Когда я умирала - Фолкнер Уильям Катберт. Страница 12
— Что ты мог сделать? — говорю я.
— Это все бабы, черти, — говорит он.
В доме женщины запели. Мы слышим, как начинается первый стих, крепнет, обрастая голосами, и мы встаем, идем к двери, снимаем шляпы, выплевываем жвачку. Не входим. Останавливаемся перед ступеньками кучкой, держим шляпы вялыми руками, кто перед собой, кто сзади, стоим, выставя ногу вперед и опустив голову, смотрим вбок, или на шляпы, или в землю, а иногда на небо и на серьезное, сосредоточенное лицо соседа.

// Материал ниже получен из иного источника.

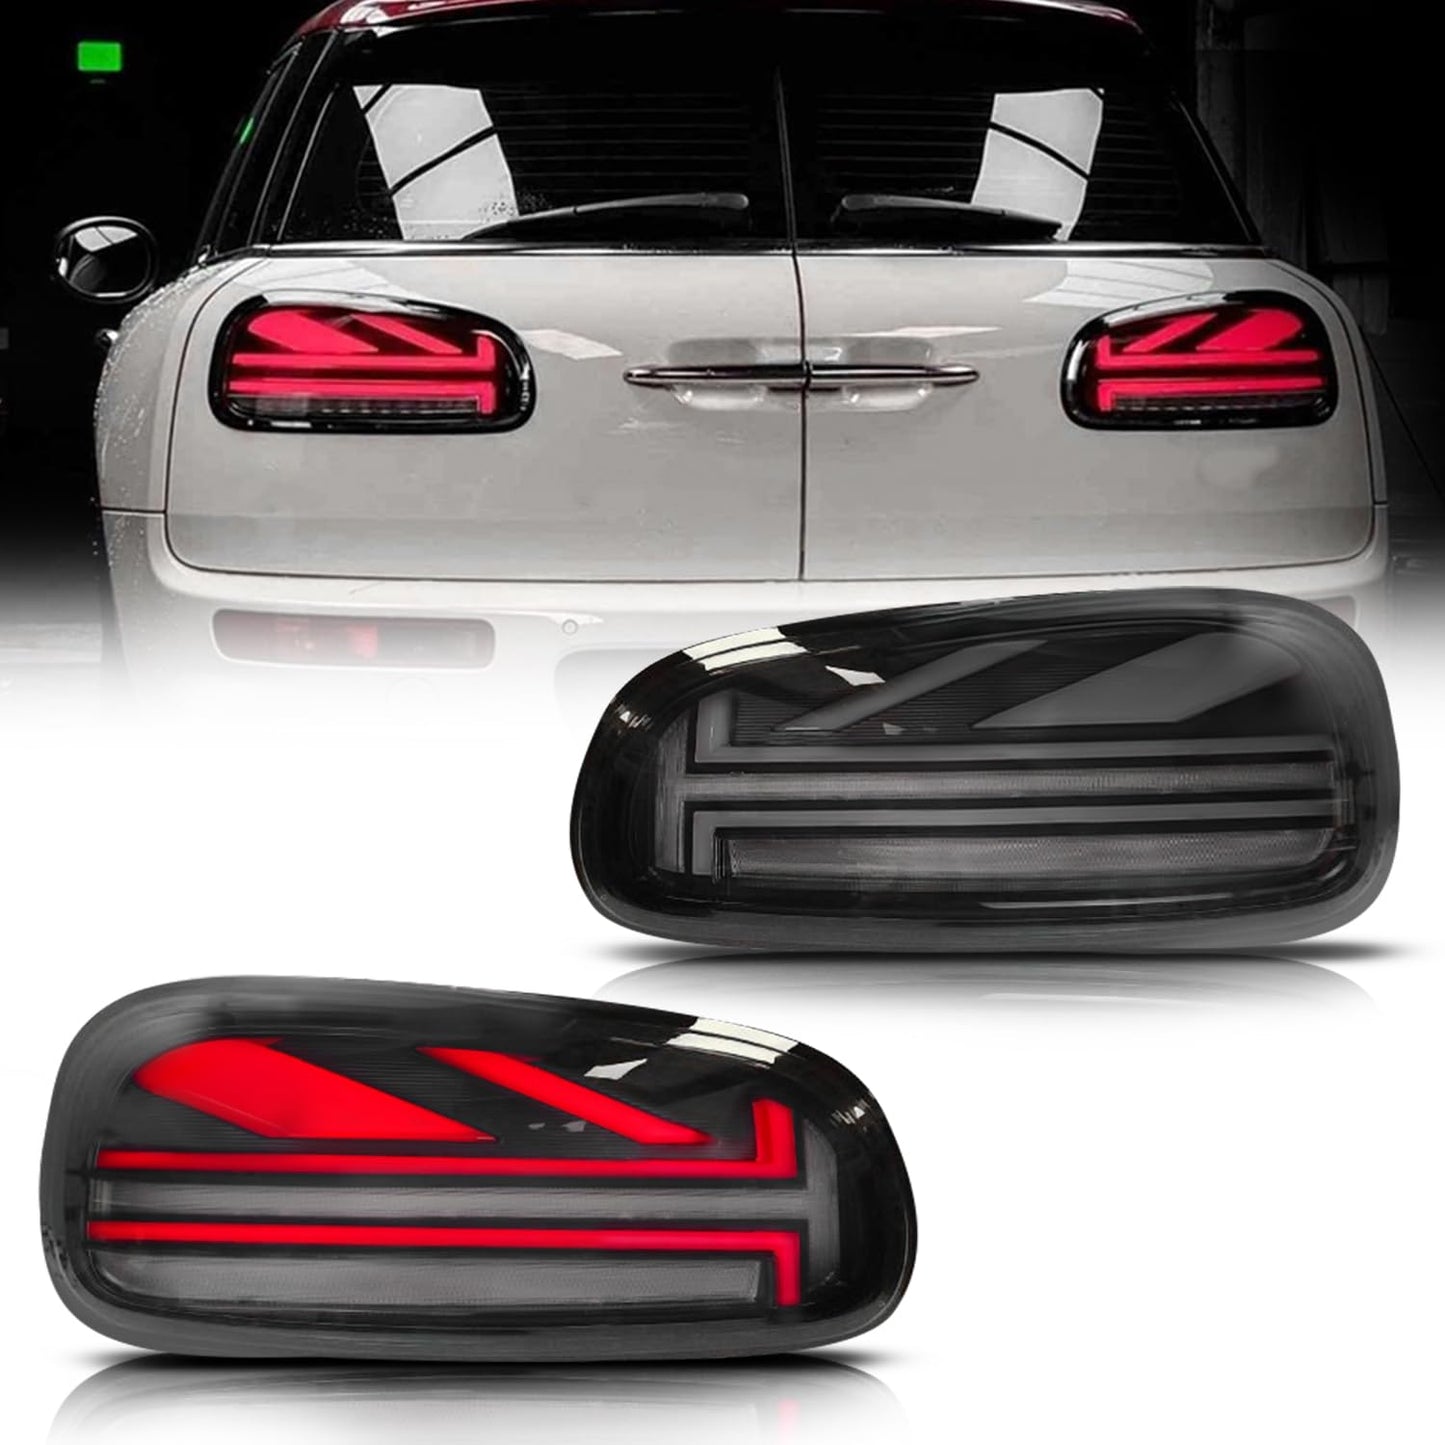 Full LED Tail Lights Assembly For Mini Clubman F54 2015-2019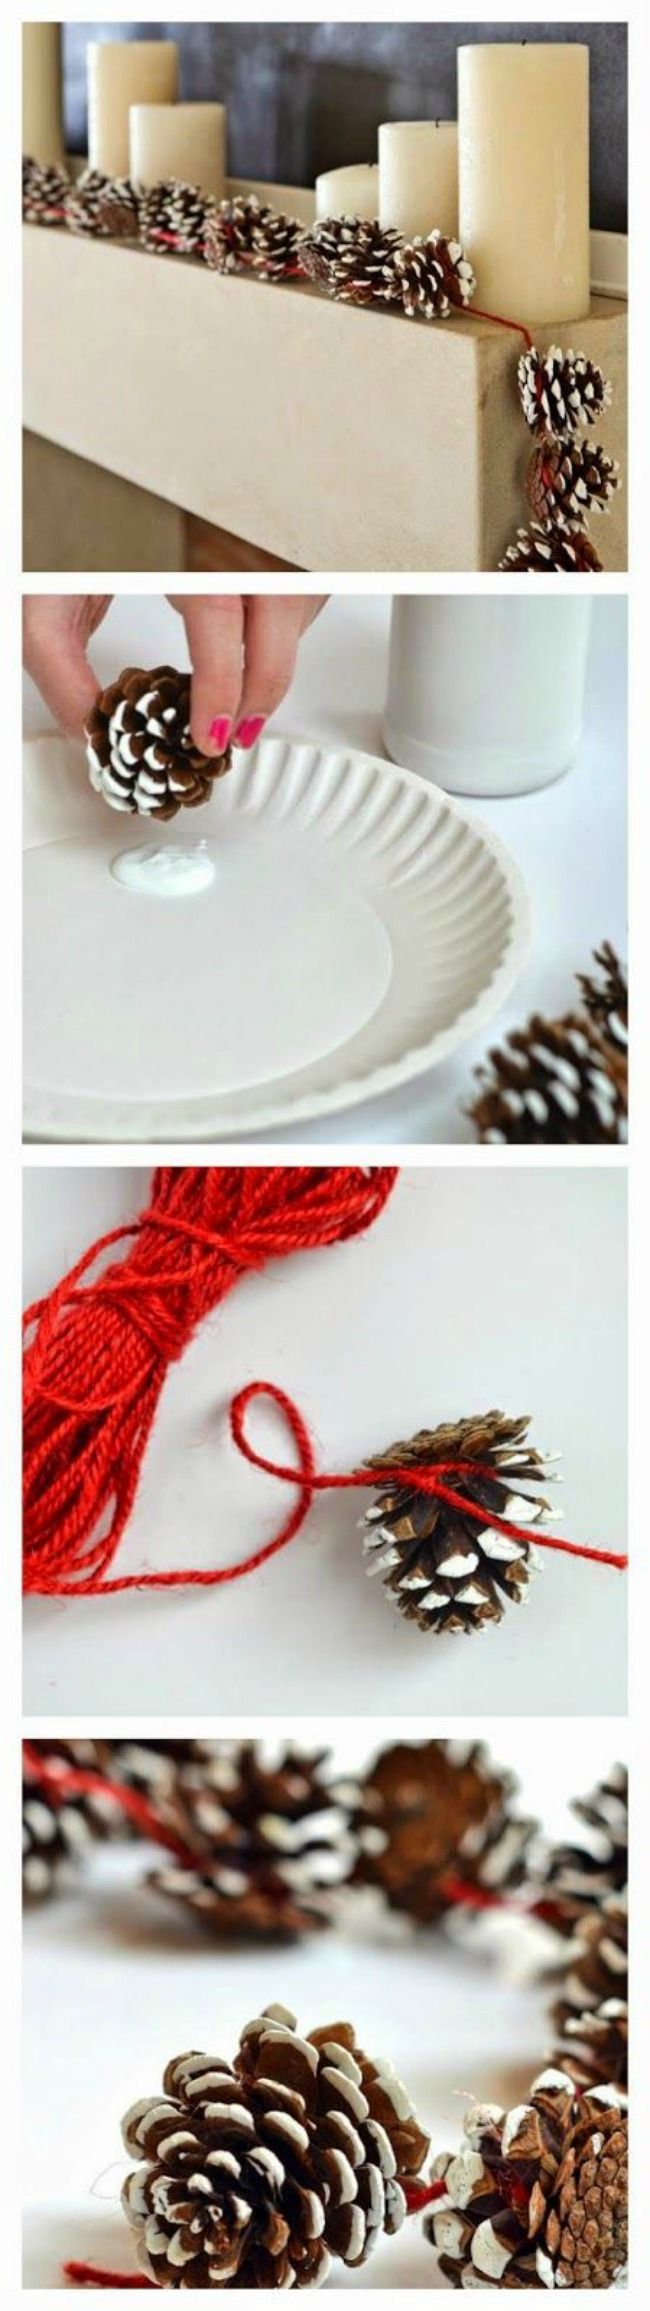 I guarantee that you are going to want to start collecting pine cones when you see these beautiful crafts to make with them. And,

Песня кончается; дрожащие голоса дружно вывели последнюю замирающую ноту. Начинает Уитфилд. Его голос больше его самого. Как будто они — не одно. Как будто он отдельно и голос отдельно, переплывают на двух лошадях реку у брода и входят в дом — один измазан грязью, а другой даже не намок, торжественный и печальный. Кто-то заплакал в доме. Кажется, что ее глаза и ее голос обращены внутрь, и она слушает; мы переступаем с ноги на ногу и, встретившись глазами, тут же отводим их, делаем вид, что этого не было.
Уитфилд наконец умолк. Женщины опять поют. Голоса возникают прямо из густого воздуха и сливаются в печальную утешительную мелодию. Смолкли, но будто не исчезли. Будто затаились в воздухе, и стоит нам двинуться, мы снова извлечем из воздуха печальную и утешительную песню. Но вот они кончили, мы надеваем шляпы неловкими руками, словно никогда не носили шляп.
По дороге домой Кора продолжает петь. «К Богу путь держу и к моей награде», — поет она в повозке, закутав плечи в платок, под раскрытым зонтом, хотя дождя нет.
— Она свое получила, — говорю я. — Не знаю, куда она попадет, но награду уже получила — освободилась от Анса Бандрена. Три дня лежала в гробу, ждала, когда Дарл и Джул вернутся за новым колесом и опять уйдут туда, где их повозка лежит в канаве. Анс, возьми мою, сказал я.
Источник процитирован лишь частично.